= Data =
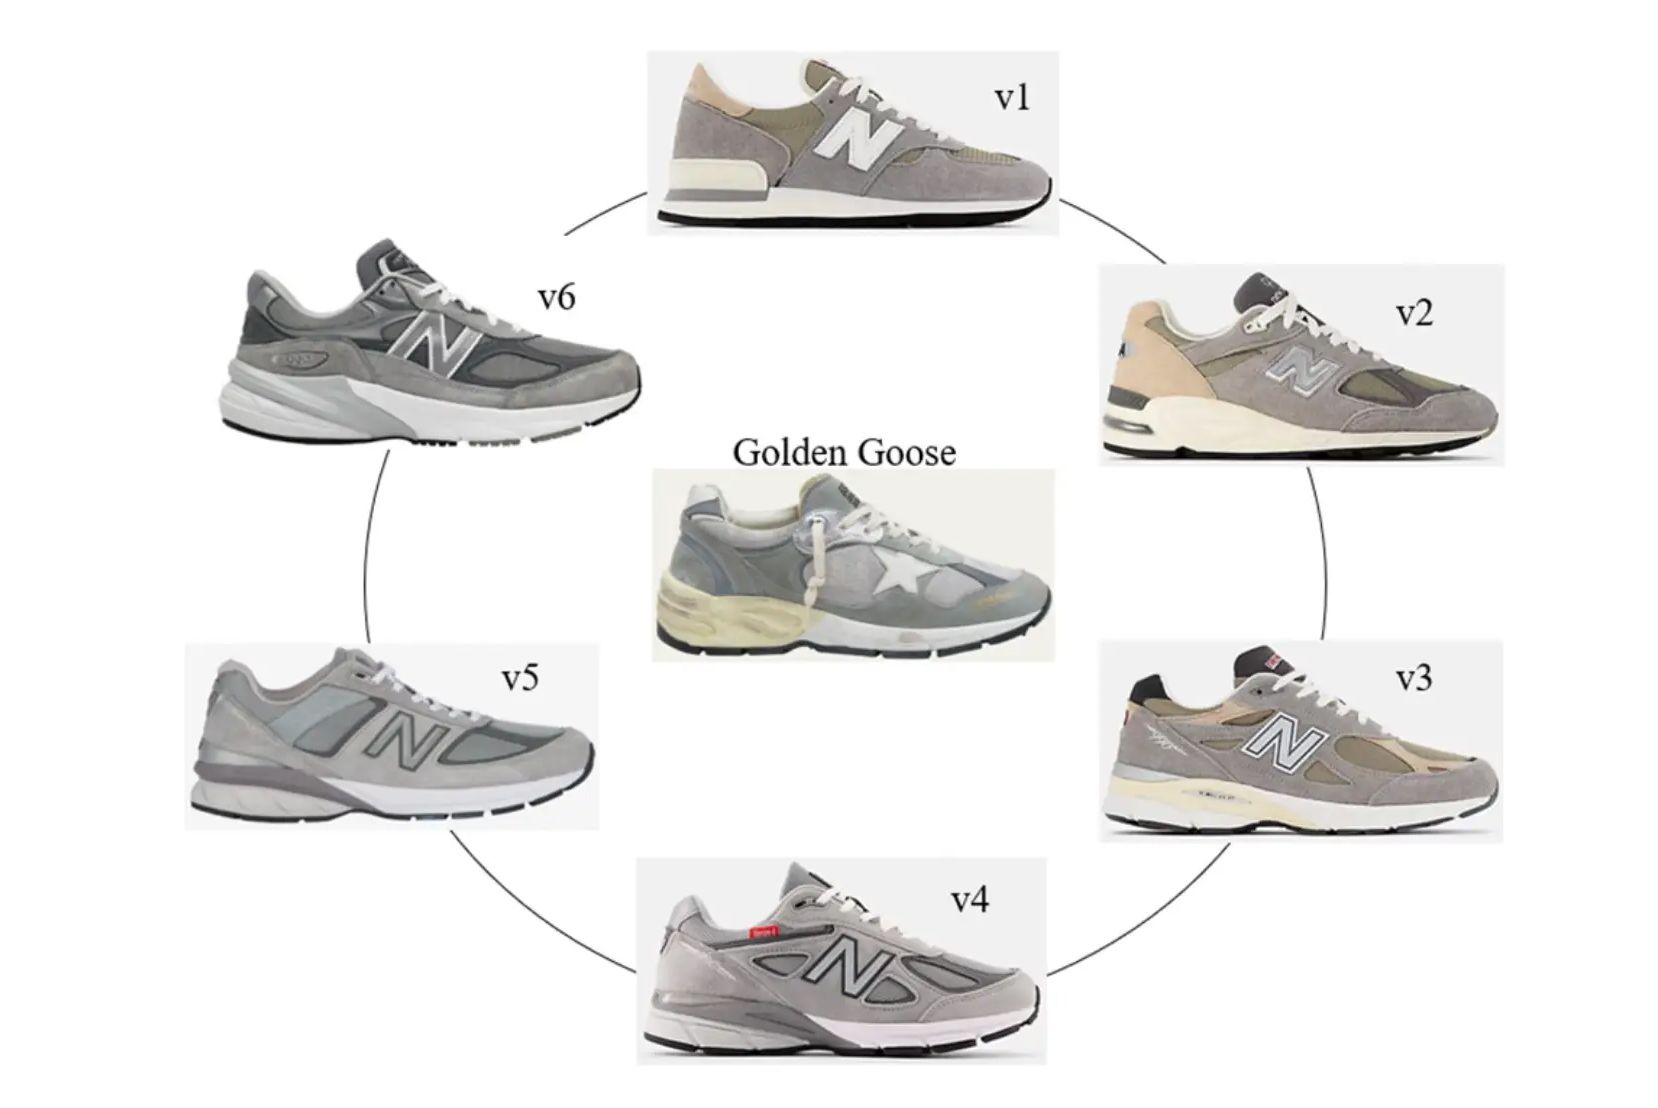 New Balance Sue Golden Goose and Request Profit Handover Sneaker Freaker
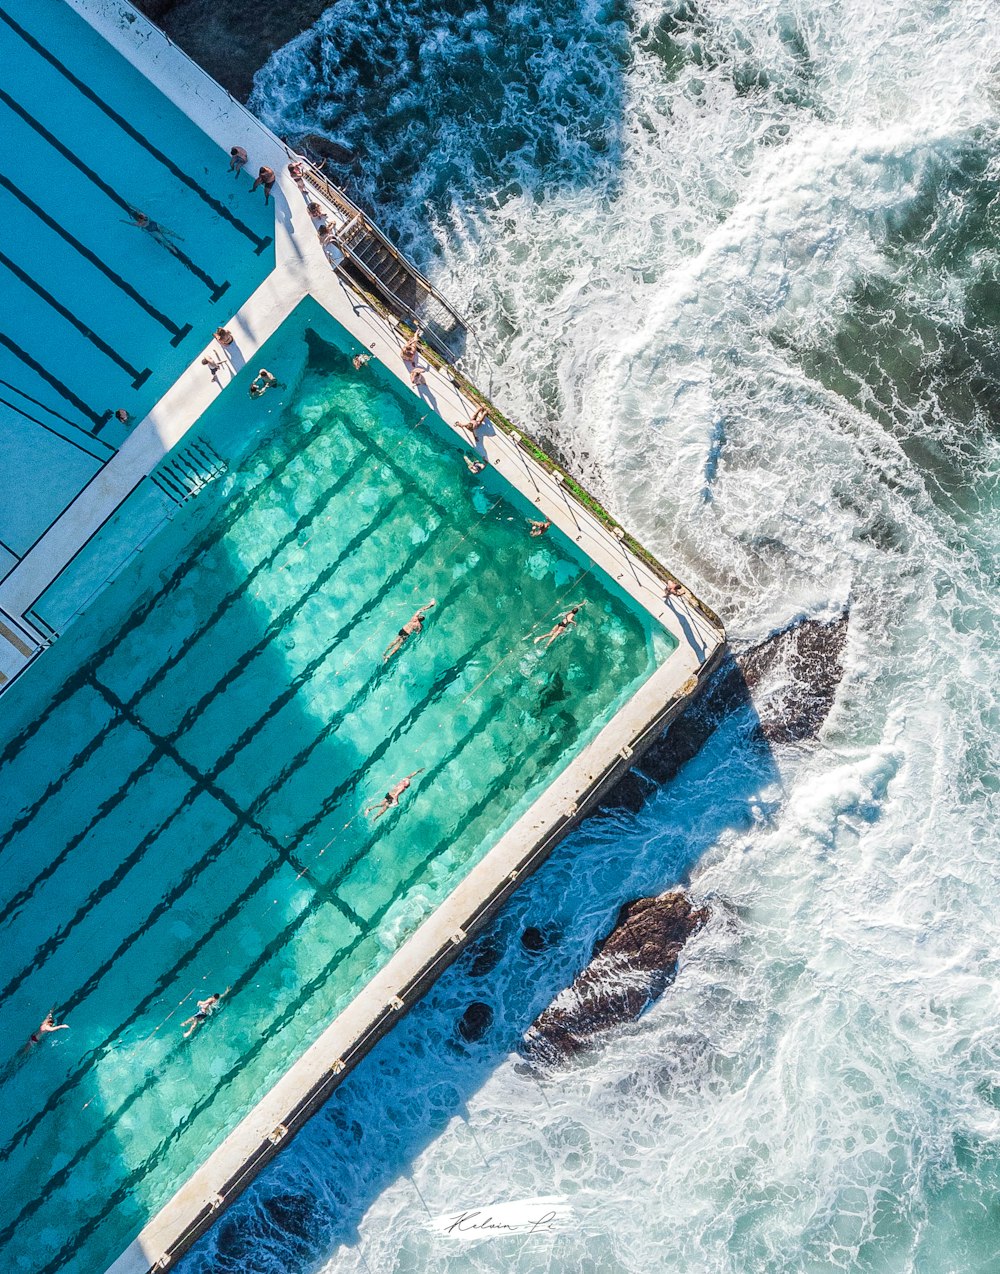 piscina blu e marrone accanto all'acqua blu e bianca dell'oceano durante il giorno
...
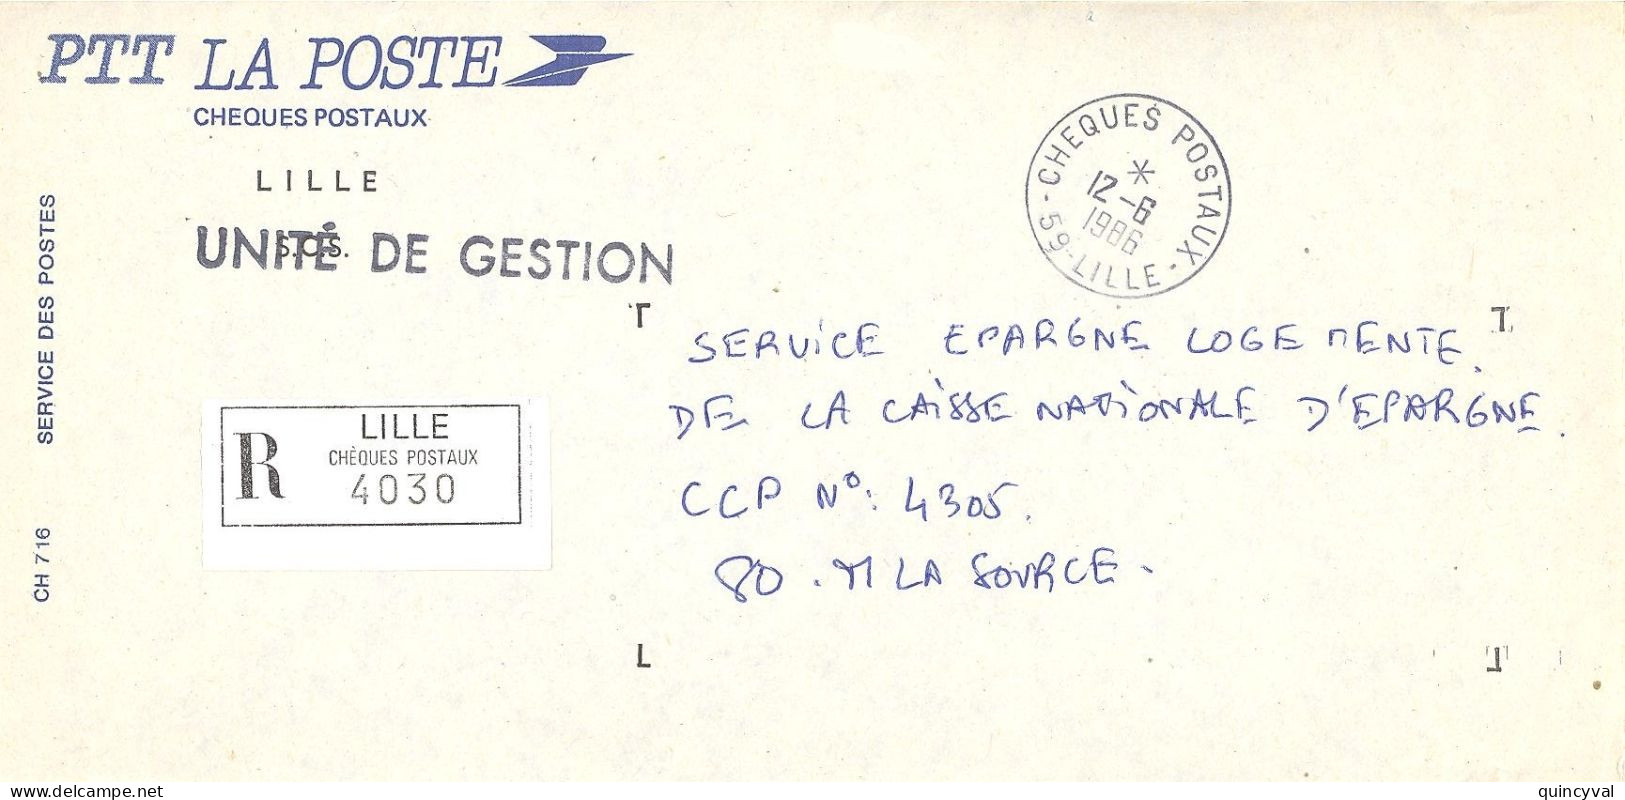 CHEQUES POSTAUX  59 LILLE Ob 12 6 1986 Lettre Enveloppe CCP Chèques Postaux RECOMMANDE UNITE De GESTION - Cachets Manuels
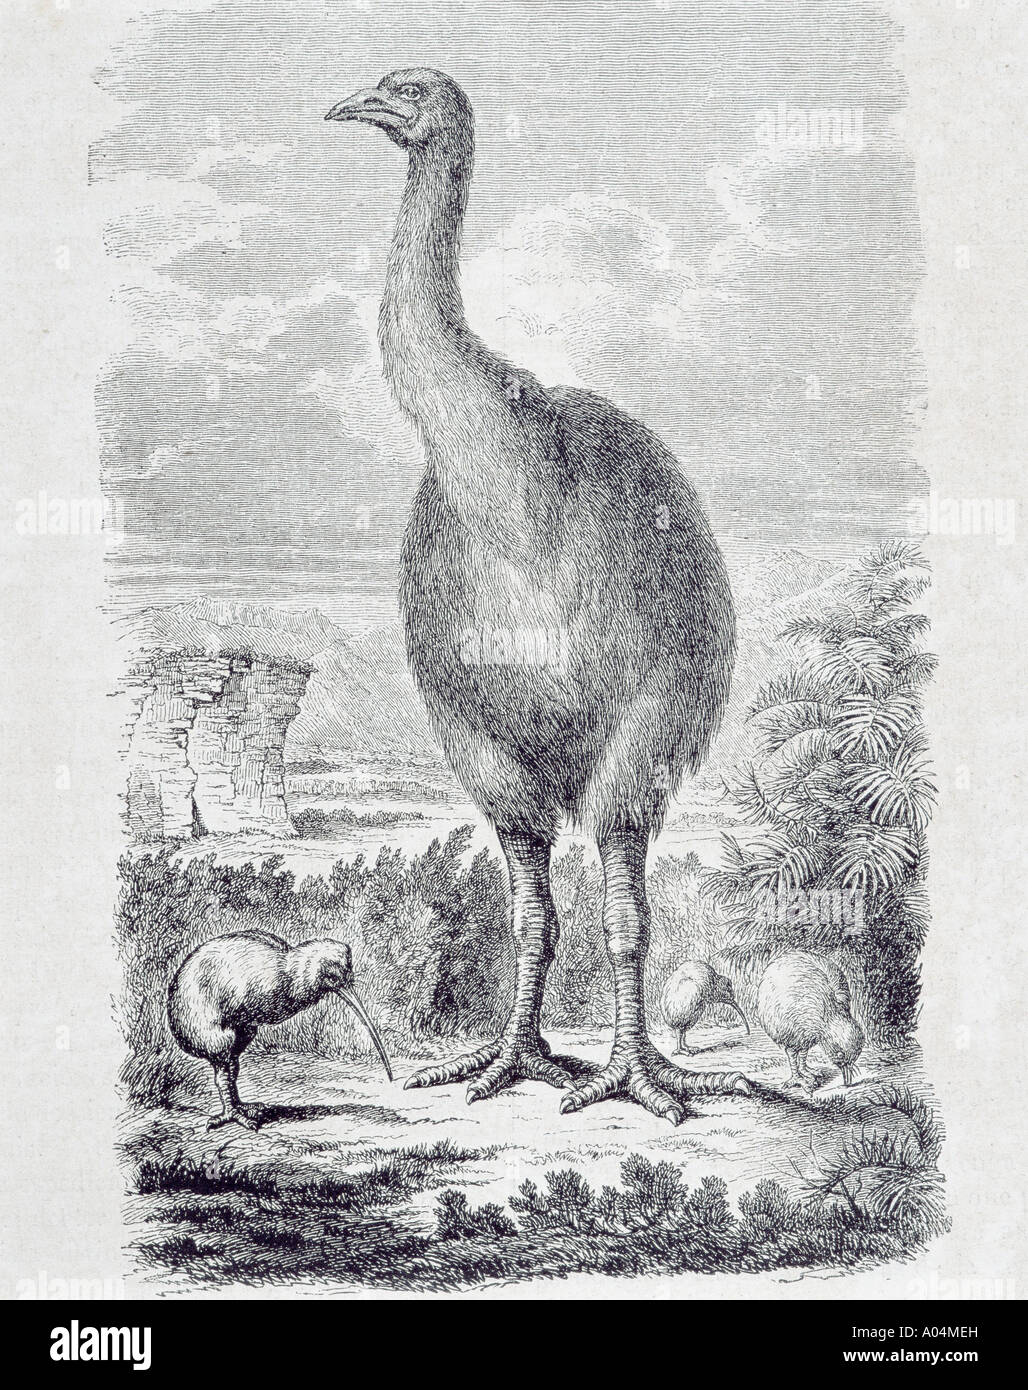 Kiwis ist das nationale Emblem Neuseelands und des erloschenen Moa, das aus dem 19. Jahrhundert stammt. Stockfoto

= Prompt =
Copy only what runs above from the line containing "- Cachets Manuels" through the line containing "Kiwis ist das", exactly. Leave out the pictures.

= Completed task =
 CHEQUES POSTAUX  59 LILLE Ob 12 6 1986 Lettre Enveloppe CCP Chèques Postaux RECOMMANDE UNITE De GESTION - Cachets Manuels
 Kiwis ist das nationale Emblem Neuseelands und des erloschenen Moa, das aus dem 19. Jahrhundert stammt. Stockfoto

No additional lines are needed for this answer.